Toughness was a theme touched on even before the game as the Blue Jays retired the No. 32 worn by Roy Halladay, one of the most revered and mentally tough pitchers of his generation.
Halladay, the former Blue Jay great, died Nov. 7 when the small aircraft he was piloting crashed off the Florida Coast. His number became only the second the Jays have retired, after Roberto Alomar’s No. 12.
It was a moving ceremony, attended by Halladay’s widow, two sons and a host of former teammates. His sons, Braden and Ryan, were invited to stand along the third base line with the Blue Jays players during pregame introductions.
In a video tribute, Halladay was praised for his competitiveness, which he often exhibited against the Yankees. It was the kind of challenge that Halladay, a Cy Young Award winner and six-time All-Star, cherished.
He pitched for 12 years in the A.L. East, from 1998 to 2009, and often faced some of the most feared hitters in baseball on the Yankees, from Jorge Posada and Derek Jeter to Alex Rodriguez, Gary Sheffield and Jason Giambi.
But Halladay went 18-7 with a 2.98 earned-run average in a season’s worth of games against the Yankees in his career — 36 starts — and earned the admiration of teammates and opponents alike.

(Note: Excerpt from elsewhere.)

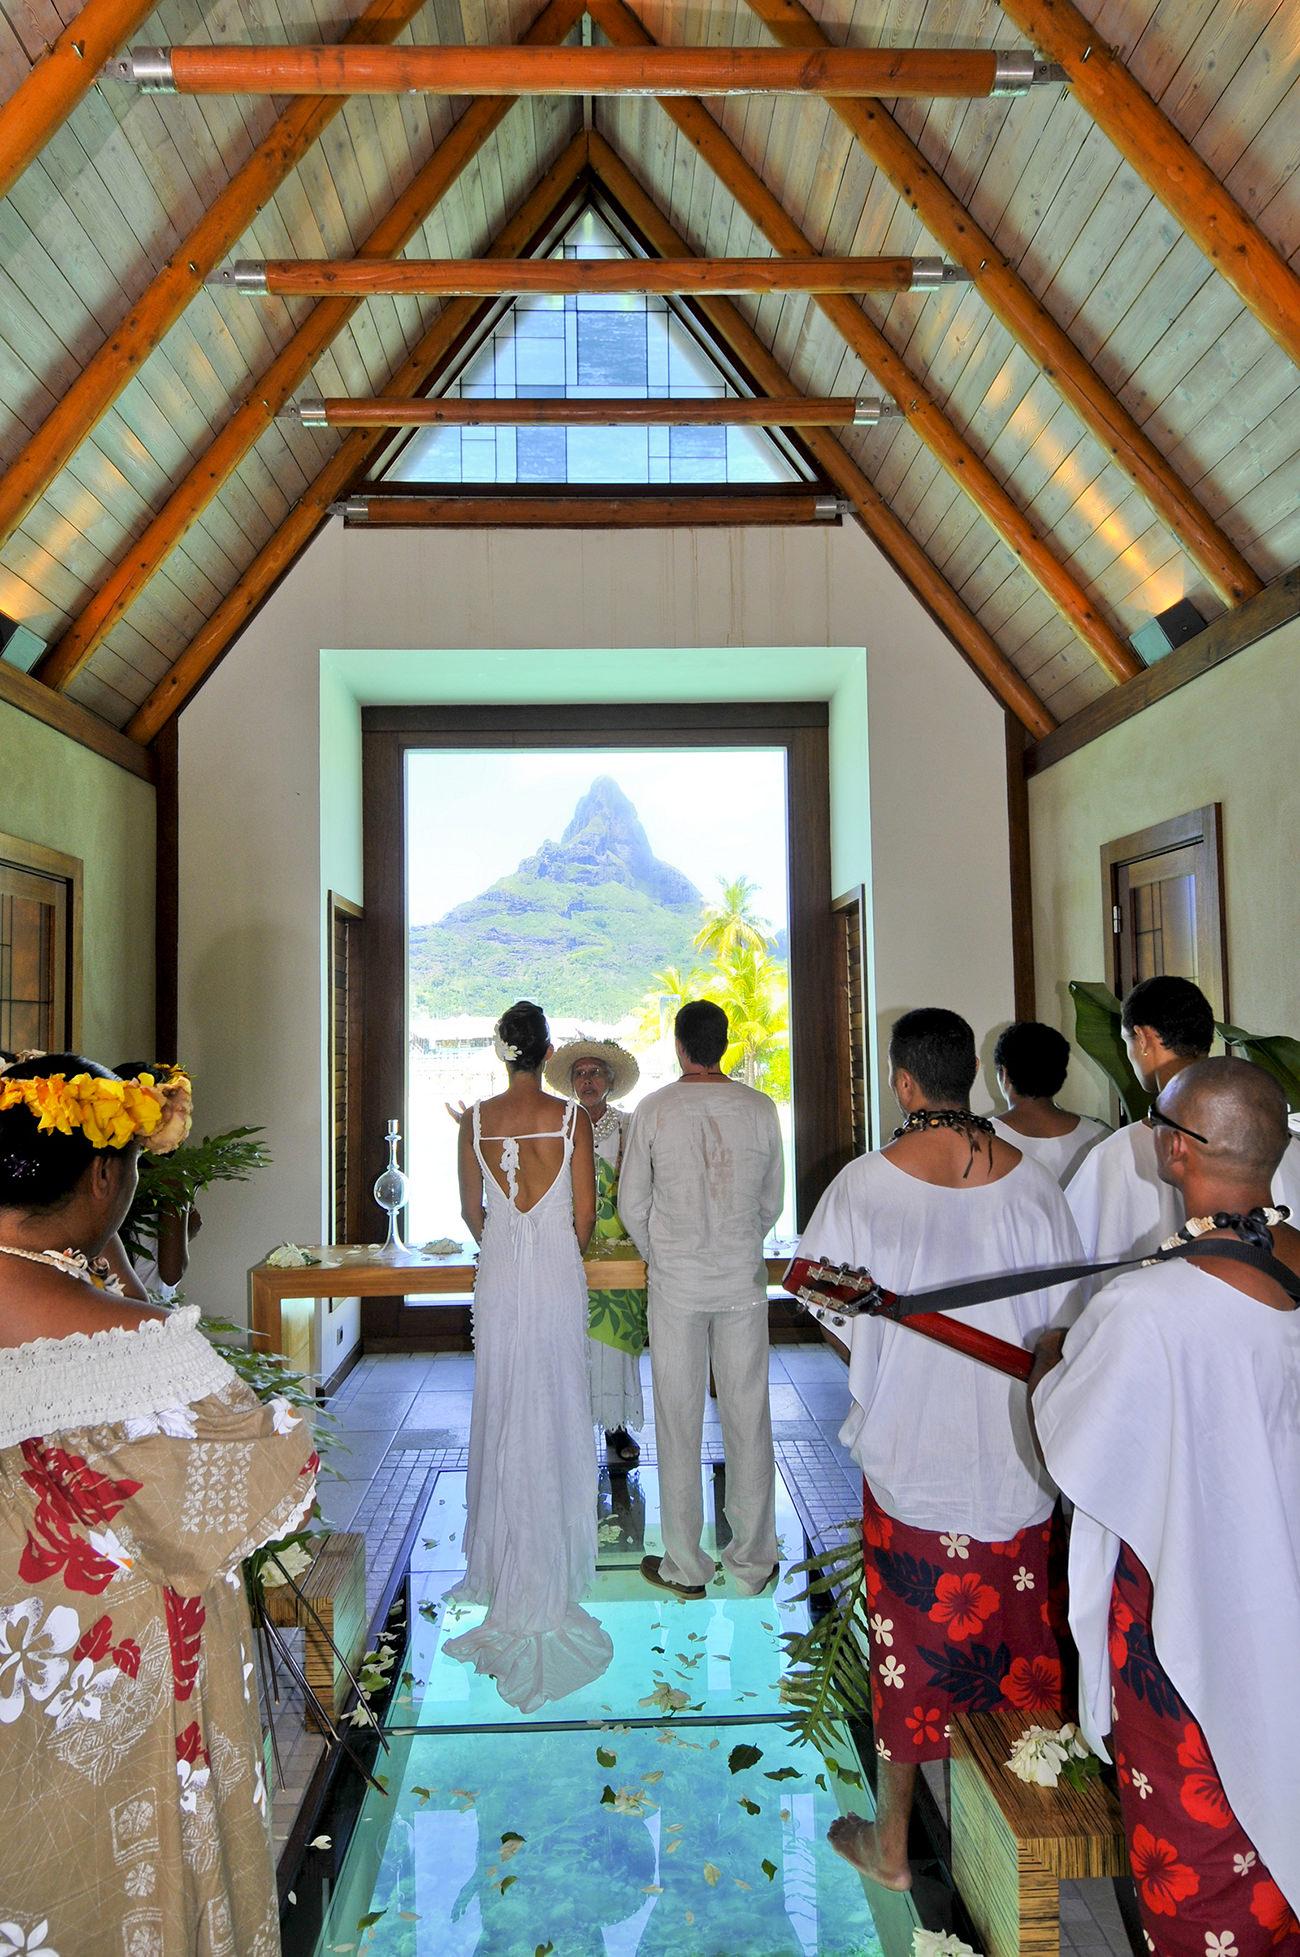 InterContinental-Bora Bora-Resort-Thalasso-Spa-8

“He was unhittable,” said Yankees general manager Brian Cashman. “He had an incredible combination of power and sink.”
John Gibbons, the Blue Jays manager, said that managing Halladay was an easy task, “because you always expected him to go nine innings, and he usually did. The bigger the game, the better he pitched.”
Pitchers like Halladay, who also worked four years with the Philadelphia Phillies and threw a no-hitter in the 2010 playoffs, are rare, and it would not be fair to compare anyone on the current Blue Jays staff to Halladay, at least not yet.

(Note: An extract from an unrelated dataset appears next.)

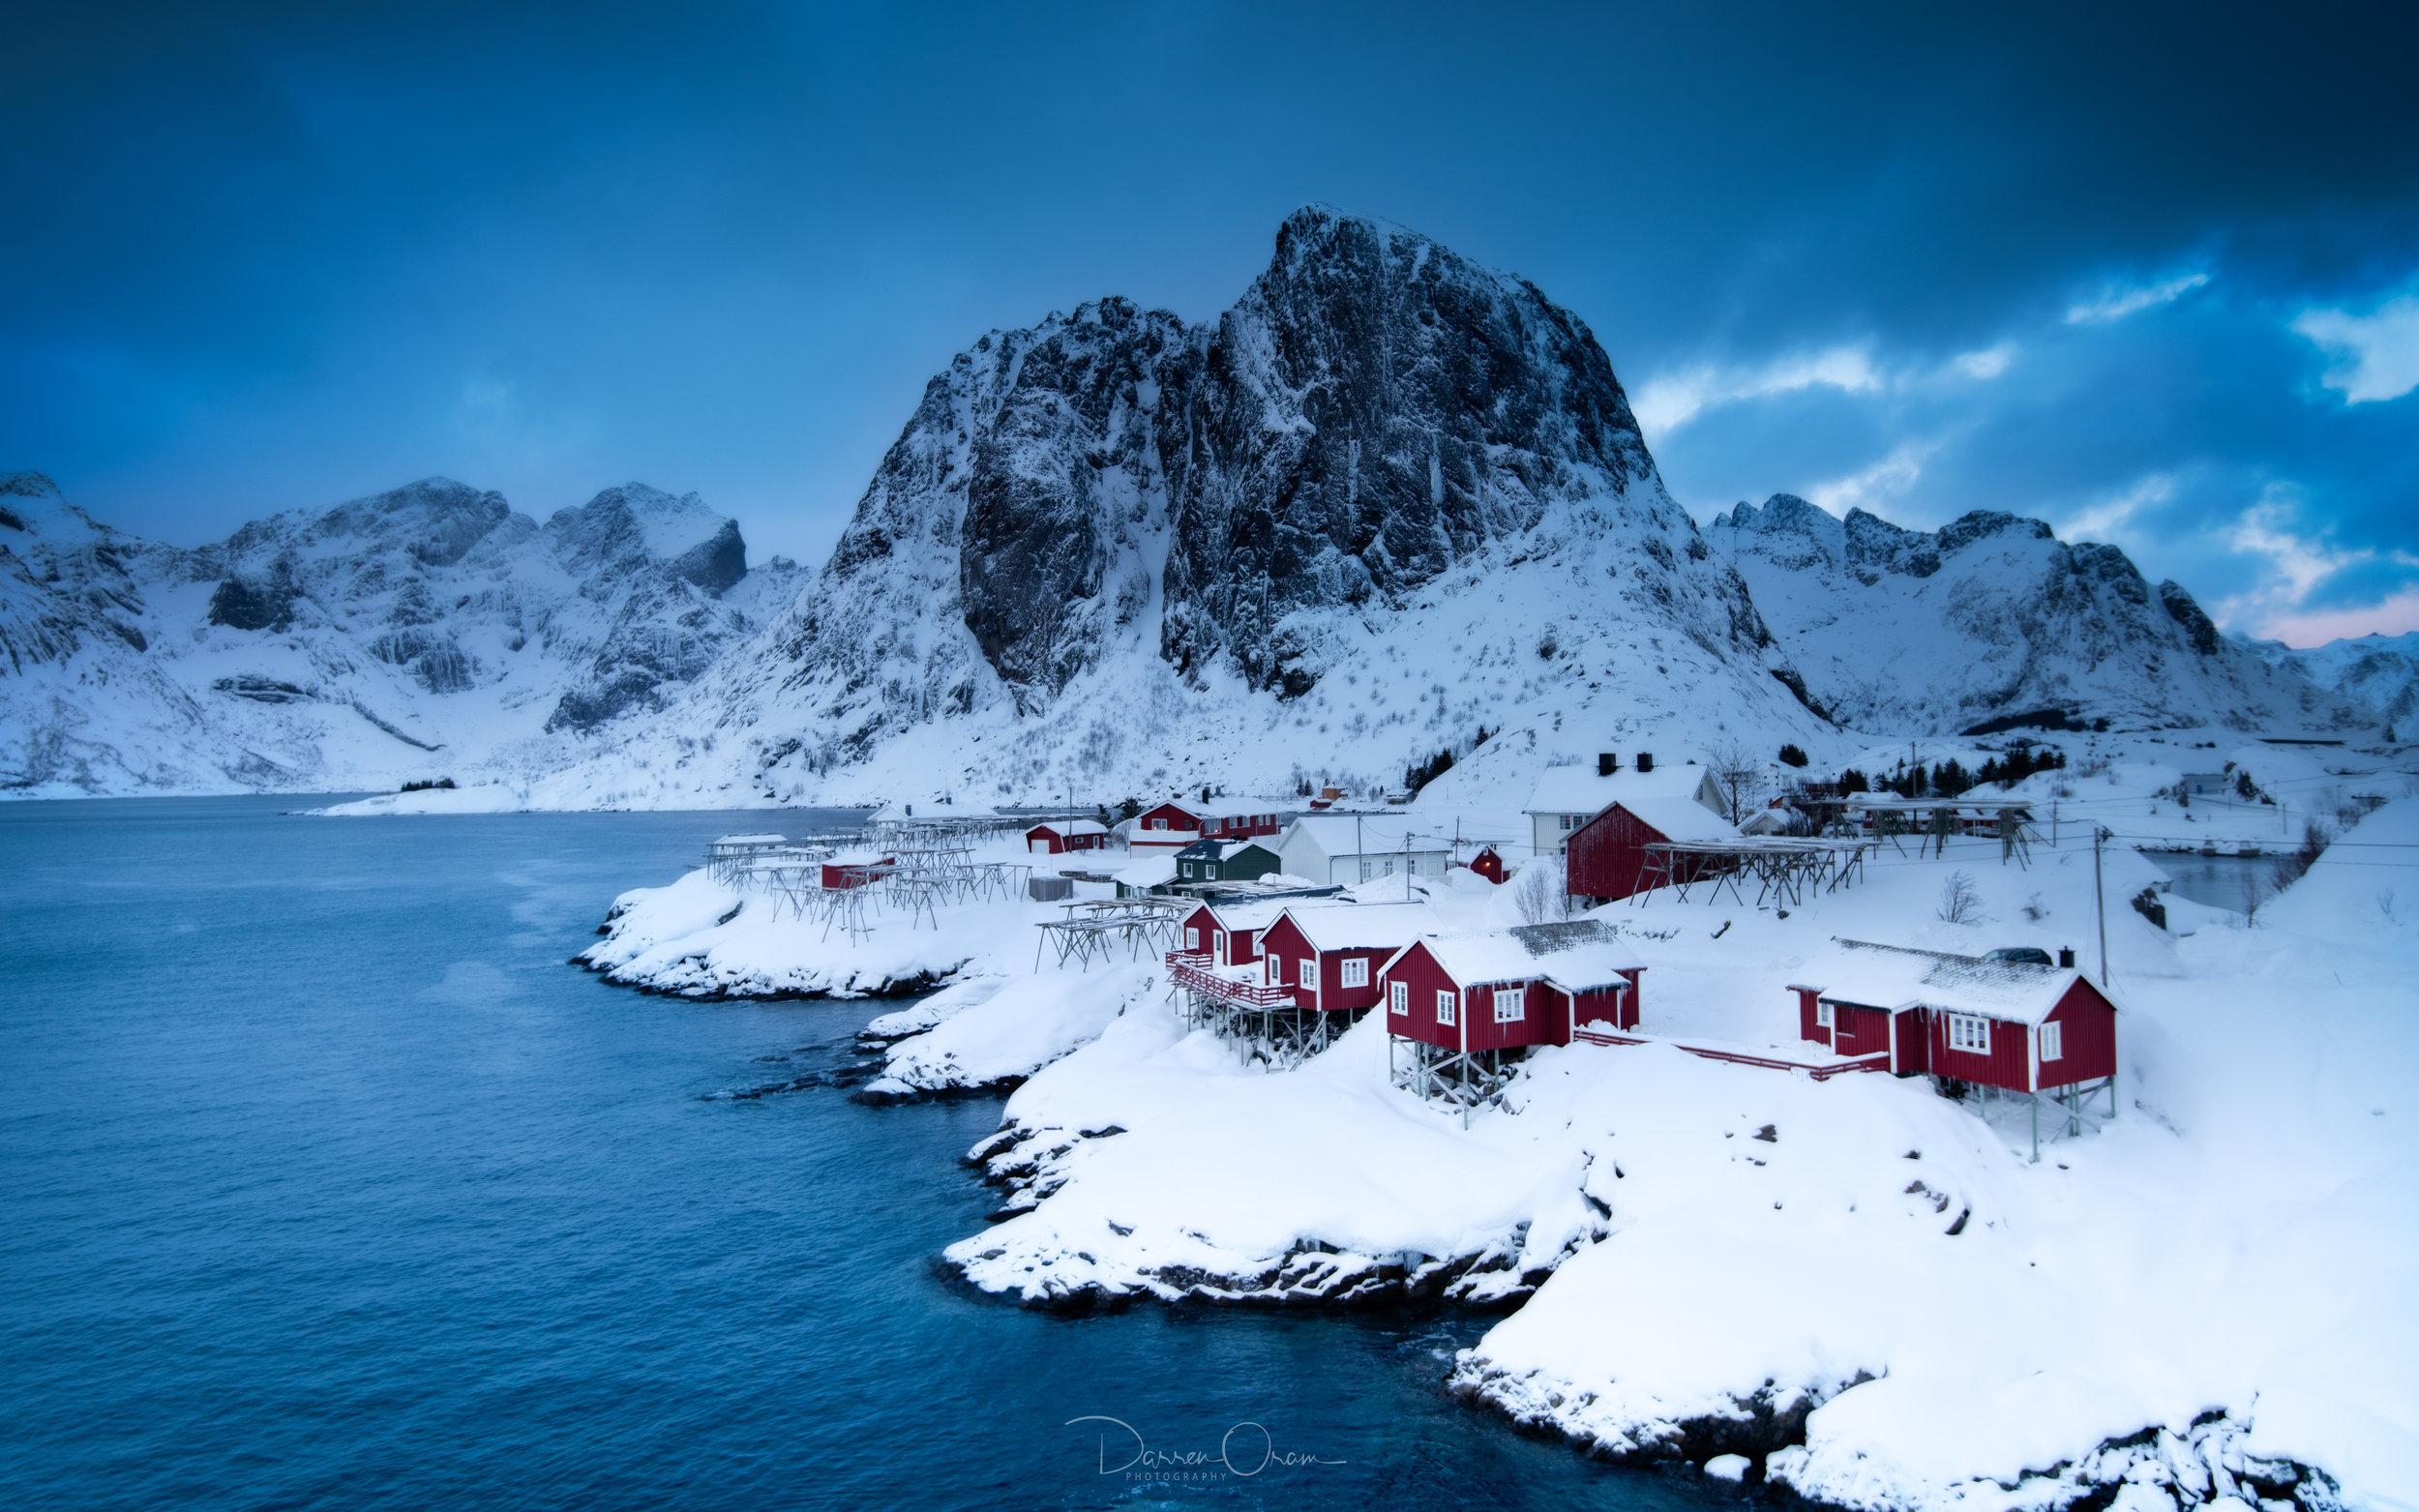 Hamnøy covered in snow

But just as Halladay faced many great lineups, the current Blue Jays pitchers know they must somehow contend with these Yankees, a difficult task last year that has only become more difficult.
“It was tough to go through it before Stanton showed up,” Gibbons said, before adding, “You can get them out if you pitch them tough. But they can also burn you a time or two.”
The Blue Jays did get Stanton out twice, and Sanchez four times. Martin would not divulge their tactics, but after Thursday’s loss, he suggested the plan could change.
“I don’t want to give away everything that we’re going to try to do because they probably read the paper a little bit,” Martin said. “But, we’ve got a few tricks up our sleeve.”